Importance:	medium normal
Assignee:	Xorg Project Team
QA Contact:	Xorg Project Team

URL:
Whiteboard:
Keywords:	NEEDINFO

Depends on:
Blocks:

Reported:	2009-06-07 23:15 UTC by Jennie Petoumenou
Modified:	2018-08-10 20:09 UTC (History)
CC List:	4 users (show)

See Also:
i915 platform:
i915 features:

Attachments
Greek layout, fixes behaviour of capslock+finalsmallsigma (668 bytes, patch) 2009-06-07 23:19 UTC, Jennie Petoumenou	no flags	Details \| Splinter Review
modified xkbcomp output (54.78 KB, application/octet-stream) 2009-06-11 21:08 UTC, Jennie Petoumenou	no flags	Details
Show Obsolete (1) View All

Description Jennie Petoumenou 2009-06-07 23:15:49 UTC

When using the Greek keyboard layout, pressing capslock+Greek_finalsmallsigma (ς) does not produce the expected Greek_SIGMA (Σ). Instead, it produces Greek_finalsmallsigma (ς). However, according to Greek spelling rules, Greek_finalsmallsigma (ς) is capitalized as Greek_SIGMA (Σ). (Shift+Greek_finalsmallsigma correctly produces Greek_SIGMA, so it is only the capslock behaviour that is problematic.)

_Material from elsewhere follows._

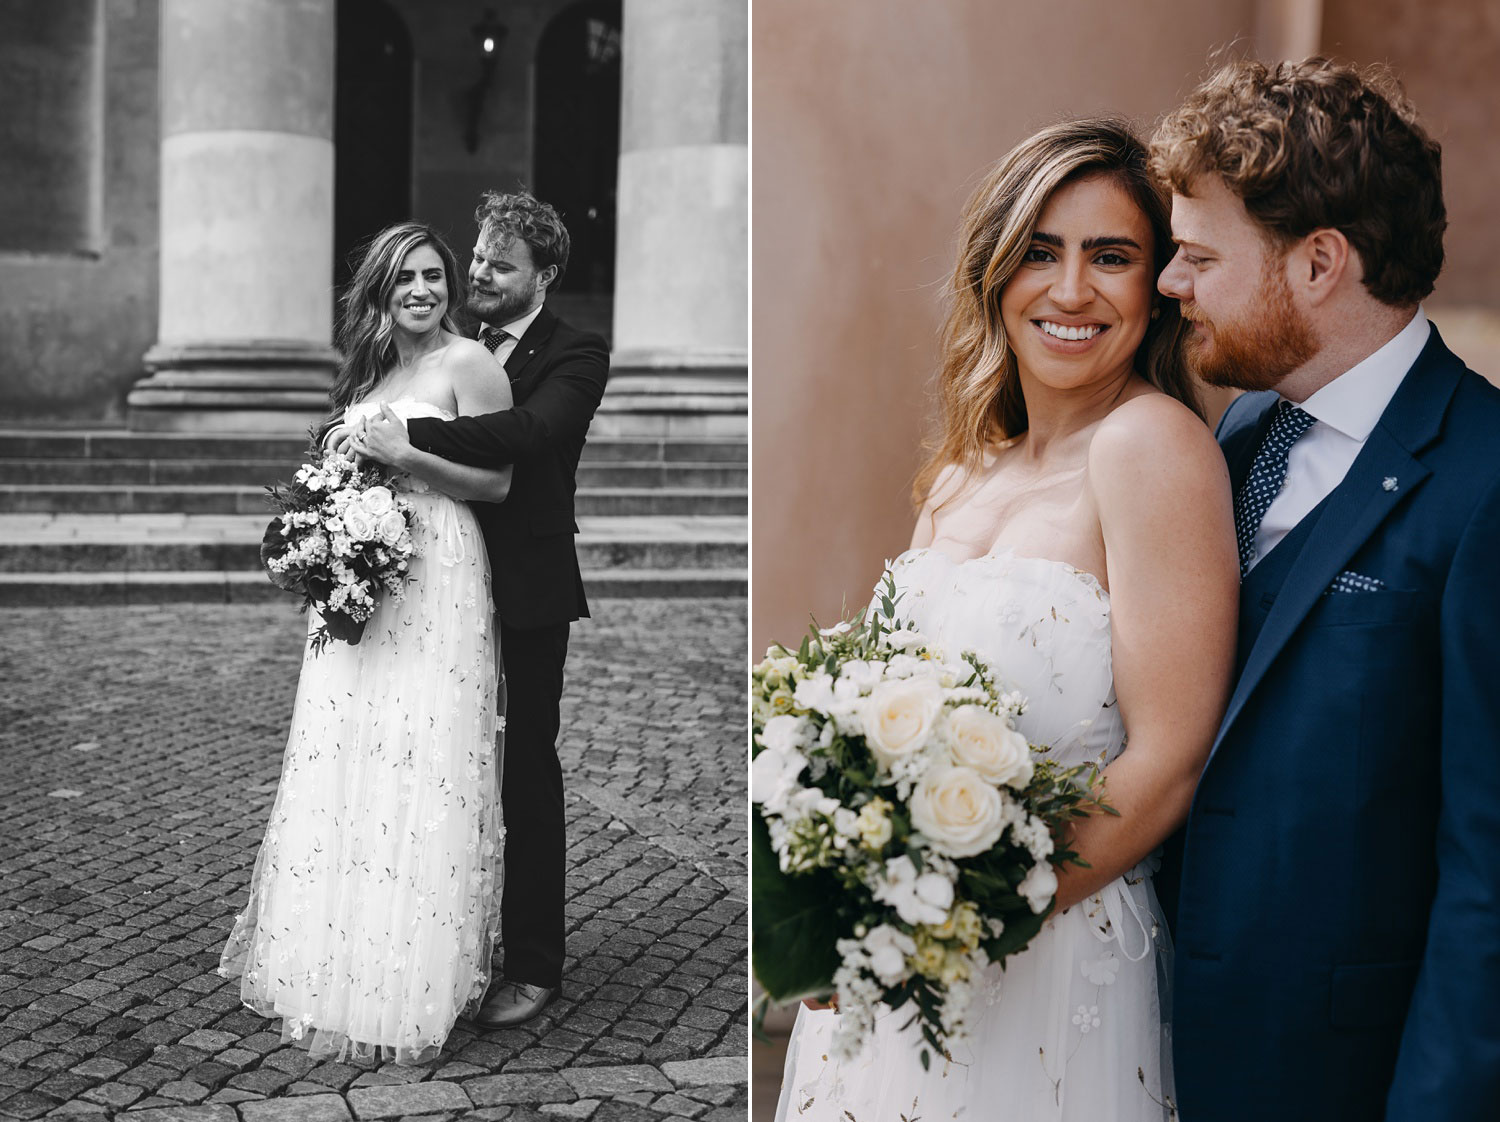 Copenhagen Wedding Photography - Romantic Couple Pose

Comment 1 Jennie Petoumenou 2009-06-07 23:19:55 UTC

Created attachment 26525 [details] [review]
Greek layout, fixes behaviour of capslock+finalsmallsigma

Comment 2 Sergey V. Udaltsov 2009-06-09 03:54:58 UTC

Could you please try caps:shiftlock option?

Also, what about other keys (epsilon, rho etc) - should they be fixed as well?

Comment 3 Simos Xenitellis 2009-06-09 06:36:53 UTC

(In reply to comment #2)
> Could you please try caps:shiftlock option?

The caps:shiftlock option is not affected by this bug. When caps:shiftlock is enabled, Σ (capital sigma) appears as expected in both before and after cases.

> Also, what about other keys (epsilon, rho etc) - should they be fixed as well?
> 

The rest of the alphabetic keys for Greek work as expected.


There is a minor issue with ;: and dead_acute/dead_diaeresis that are affected by CapsLock though they should probably not. Is there a way to specify they should not be affected by CapsLock?

Jennie, should ;: and dead_acute/dead_diaeresis be affected by CapsLock?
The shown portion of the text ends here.